Рассудив таким образом, Михаил лихо сдвинул шапку на затылок и решительно зашагал через Торговую площадь к мосту через Волхов. На торжище, несмотря ни на какую смуту, было все так же людно, шумливо, весело.
— А вот сбитень духмяный, кому сбитня? — перекрикивая друг дружку, орали мальчишки-разносчики.
— Пироги, пироги! С рыбой, с луком, с яйцом — есть станешь, язык откусишь!
— А вот квас, квасок, разевай роток!
— Сбитень, сбитень!
— Пироги!
Миша жестом отогнал навязчивого пирожника:
— Не нужно мне твоих пирогов, с корчмы только что вышел.
Дальше пошел, к мосту пробираясь. Тут, за лошадиным рядком, не орали, не ругались — тихо все было, благостно — торговали людьми. Рабы обоих полов — в основном, конечно, женщины, девки и дети — держались смирнехонько, искоса поглядывая на покупателей. А те не стеснялись — ощупывали, оглаживали, заставляли присесть, смотрели в зубы…
— Девка-то точно раба?
— Да раба! Клянусь Христом-Богом!
А не слишком ли громко клялся? Гаркнул, гад, почти прямо в ухо — со всех мыслей сбил. Михаил оглянулся недовольно… Опаньки! Ба-а-а!!! Знакомые все лица — Кривой Ярил, Мишиничей верный пес! Шестерка боярская… Интересно, кого он тут продавать привел!
— Не его раба я!!! — громко закричала девчонка, которую Кривой Ярил крепко держал за руку. — Не его!

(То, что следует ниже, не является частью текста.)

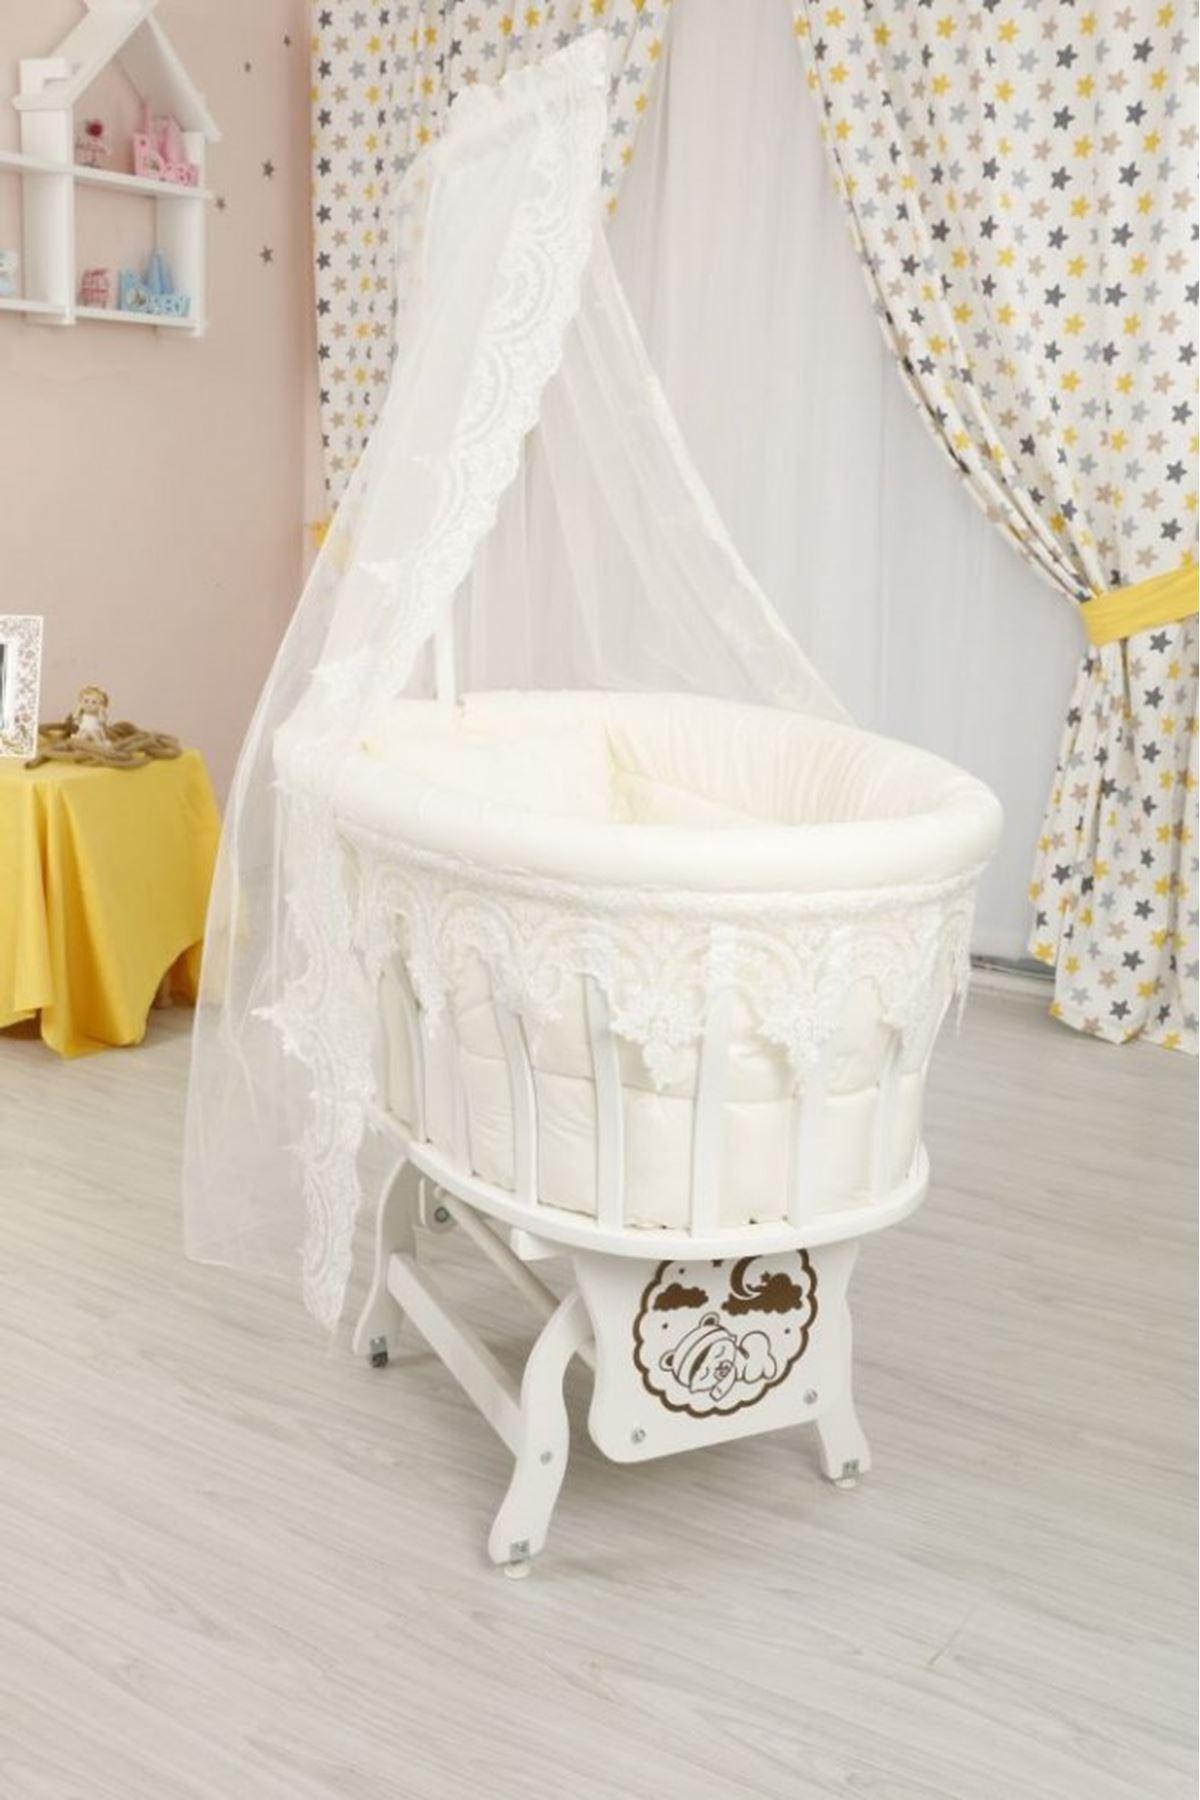 سرير بيضاوي أبيض ضانتيل اورجينال

— Ефрема-своеземца чудского холопка беглая, — цинично сплюнув наземь, пояснил Ярил. — У меня и грамотка от Ефрема есть — если увижу, хватать, продать, а уж деньги — ему. Хошь, принесу грамотцу-от?
Торговец — борода лопатой — лишь махнул рукой, ухмыльнулся, да девчонку за бок ущипнул:
— Сколь хошь за деву?
Не вмешивайся! — сам себе беззвучно кричал Михаил. Какое твое дело до Ярила и этой девчонки? Проходи мимо! Здесь твоих дел нет, дела там, у Мирошкиничей. А девчонка… Что ж — всех от произвола не убережешь…

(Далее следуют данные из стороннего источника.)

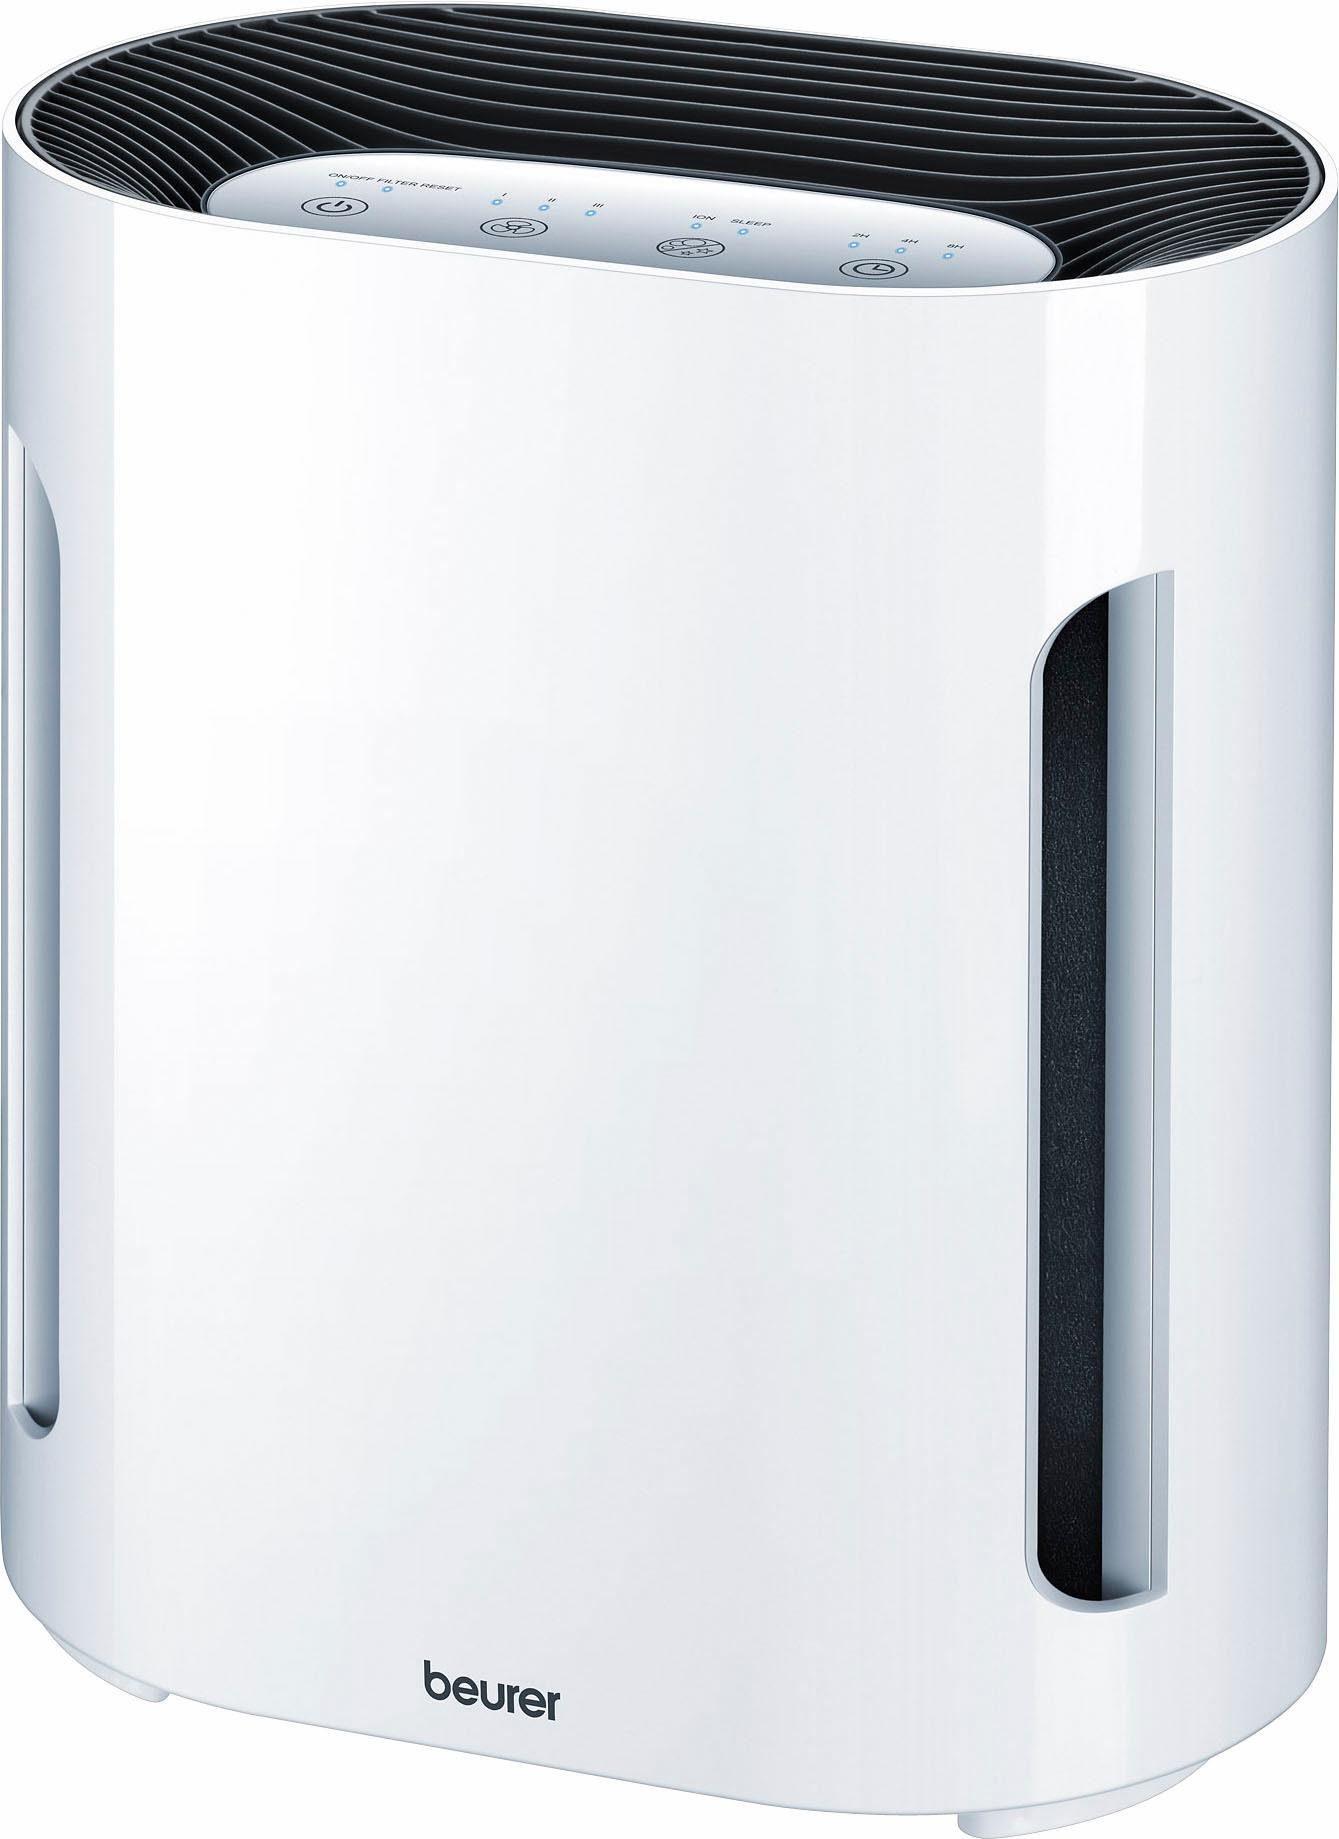 Beurer Luftreiniger LR 200, Luftreinigung duch dreischichtiges Filtersystem

Узнал, узнал Миша девку — рабу Марью. Рабу, да не Ефрема, и уж тем более не Ярила. Узнал… Хорошая девчонка, веселая такая, миленькая… И в постели однако ничего себе так — помнится, угощали. И так она все смотрела глазищами своими зелеными… Так смотрела… Аж на усадьбе тысяцкого неловко было.
— Не его я раба, не его!
— А ну, не ори, девка! — гулко предупредил торговец людьми. — Посейчас кнутом ожгу, або велю язык отрезать — немые тож за хорошую цену идут! — почесал бороду, повернулся к Ярилу. — Так сколь?

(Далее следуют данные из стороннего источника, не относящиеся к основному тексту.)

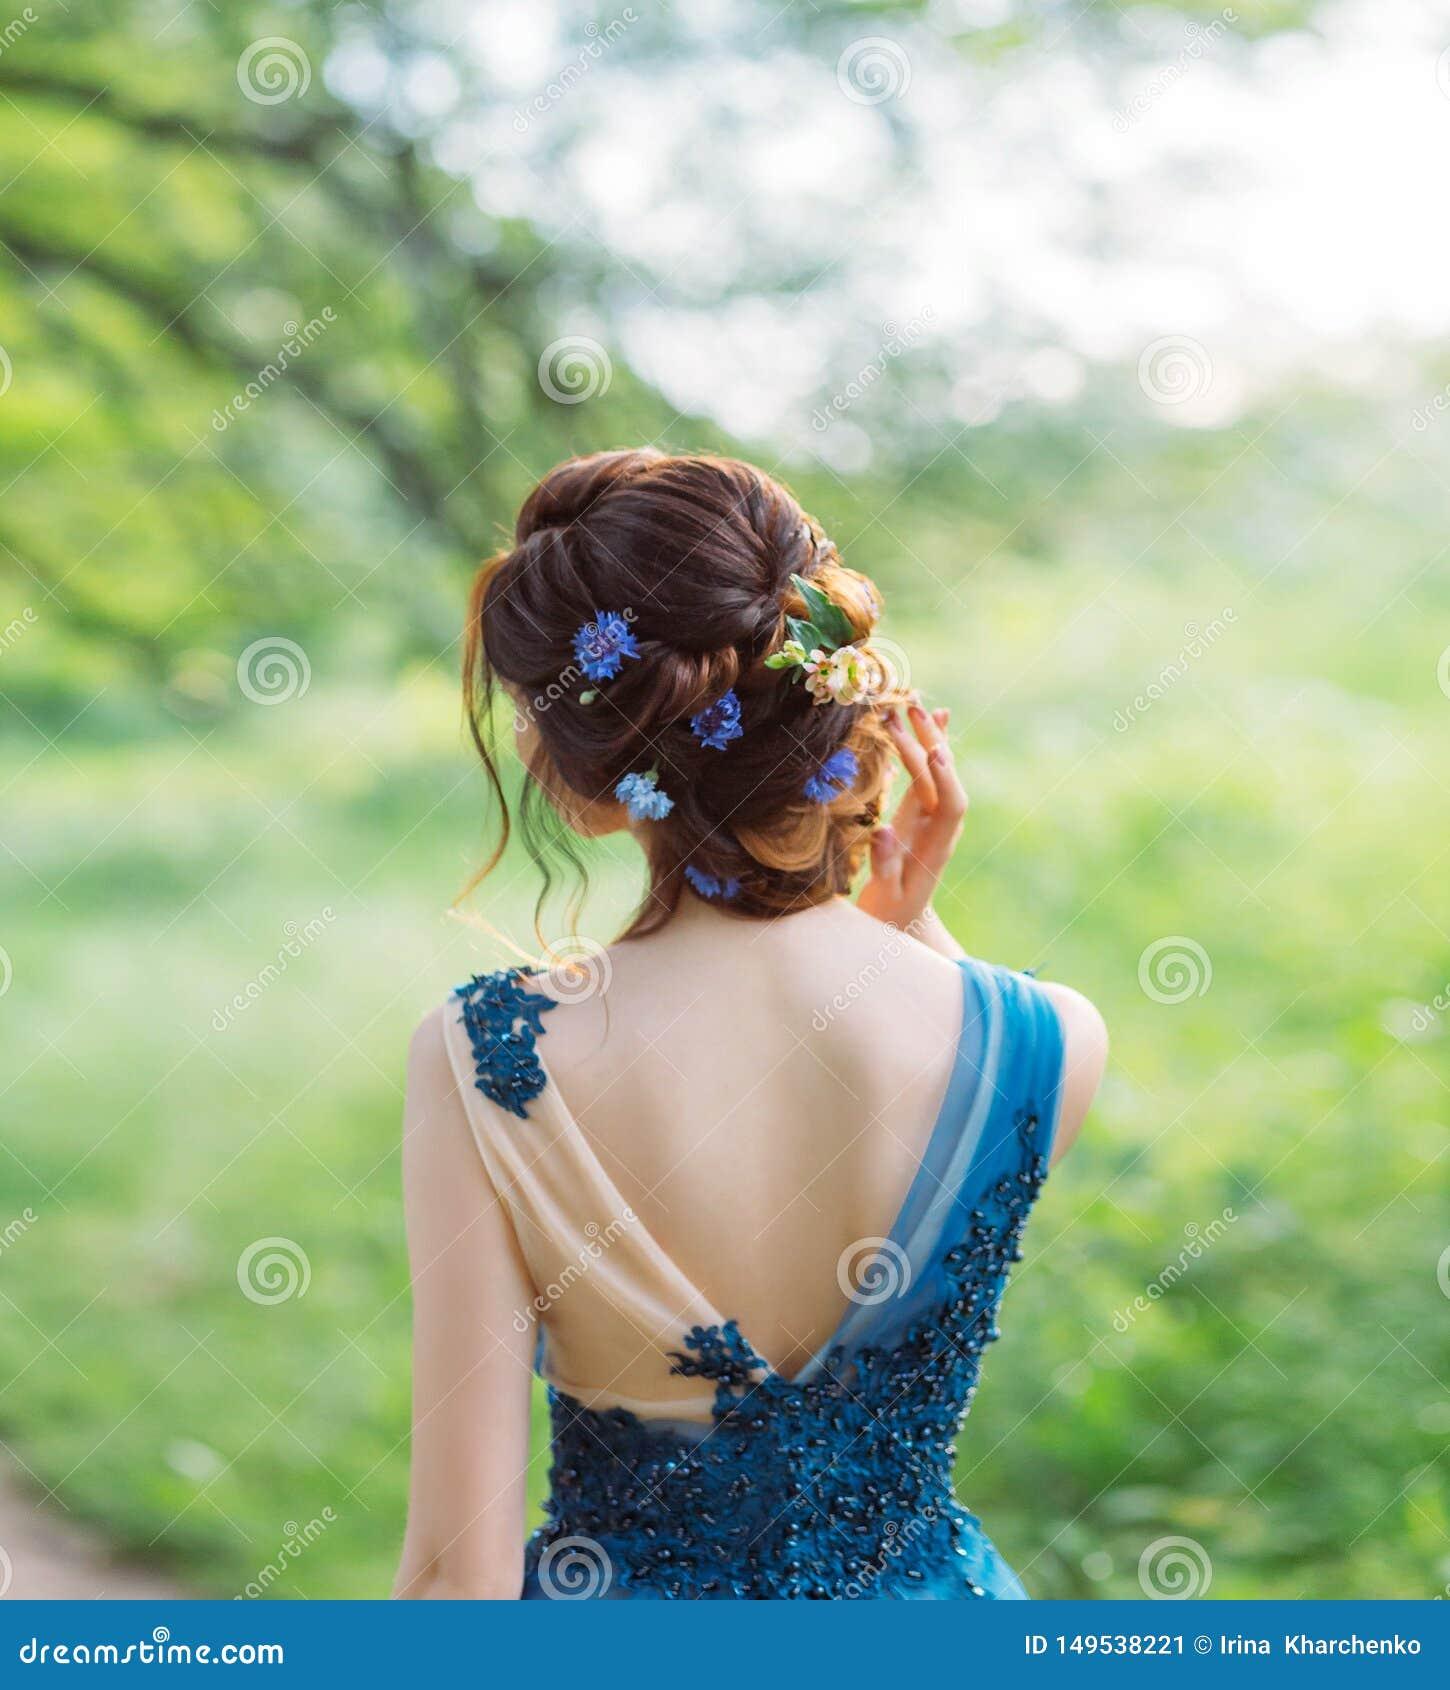 Необыкновенный крутой шикарный стиль причесок для длинных темных волос, работа парикмахера, изображение для градации и свадьба, н

— М-м-м… — тот задумался, а Марья тихо заплакала. И правда — помощи ей сейчас ждать неоткуда.
Эх, Марья, Марья… Миша не выдержал, оглянулся — и встретился с девчонкой глазами… И уже не мог. Не смог пройти… Плюнул, да шапку оземь:
— Эй, одноглазый! Что, уже чужое добро крадем-торгуем? А виру заплатить не хошь?
— Ты?! — Кривой Ярил неприятно удивился. — Откель здесь?
— Откель надо. Девку пусти. За делом, видать, шла.
— Ты шел бы паря себе, куда шел, — с угрозой в голосе произнес торговец. — Инда, бывает, и головы на торгу проломляют.
— Смотри, как бы тебе не проломили, борода гнусная! — взъярился Миша. — Говорят тебе — девка это, Марья, с тысяцкого Якуна двора! Хочешь с тысяцким поссориться?!
— А хоть бы и так! — злобно хохотнул Ярил. — Нет теперь его власти. Власть вся — у бояр!
— У бояр? А вот, получи, боярский прихвостень! — Михаил с размаху ударил одноглазого в челюсть, да с такой силою, что тот, выпустив девчонку, кубарем покатился прямо в гущу выставленных на продажу рабов.
Видя такое дело, торговец — бородища лопатой — опасливо попятился и вдруг, сунув два пальца в рот, молодецки свистнул — подзывал своих.
Ага! Станет его Михаил дожидаться, как же! Девчонку — за руку, да бежать! Мимо рядков с товарами, перепрыгивая, опрокидывая, напролом — ах, сколько «добрых» слов про себя услыхали, из которых «лешаки» и «шильники» — самые ласковые. Ничего, прорвались! Погоня-то, чай, к мосту убежала, а беглецы умней — к пристани-вымолу, что у Федоровского ручья. Миша — как раз к месту — знакомца своего вспомнил, с кем не так давно на Лубянице пиво пил. Подбегая к лодкам, окликнул:
— Бог в помощь, парни. Онцифера Весло не видали ль?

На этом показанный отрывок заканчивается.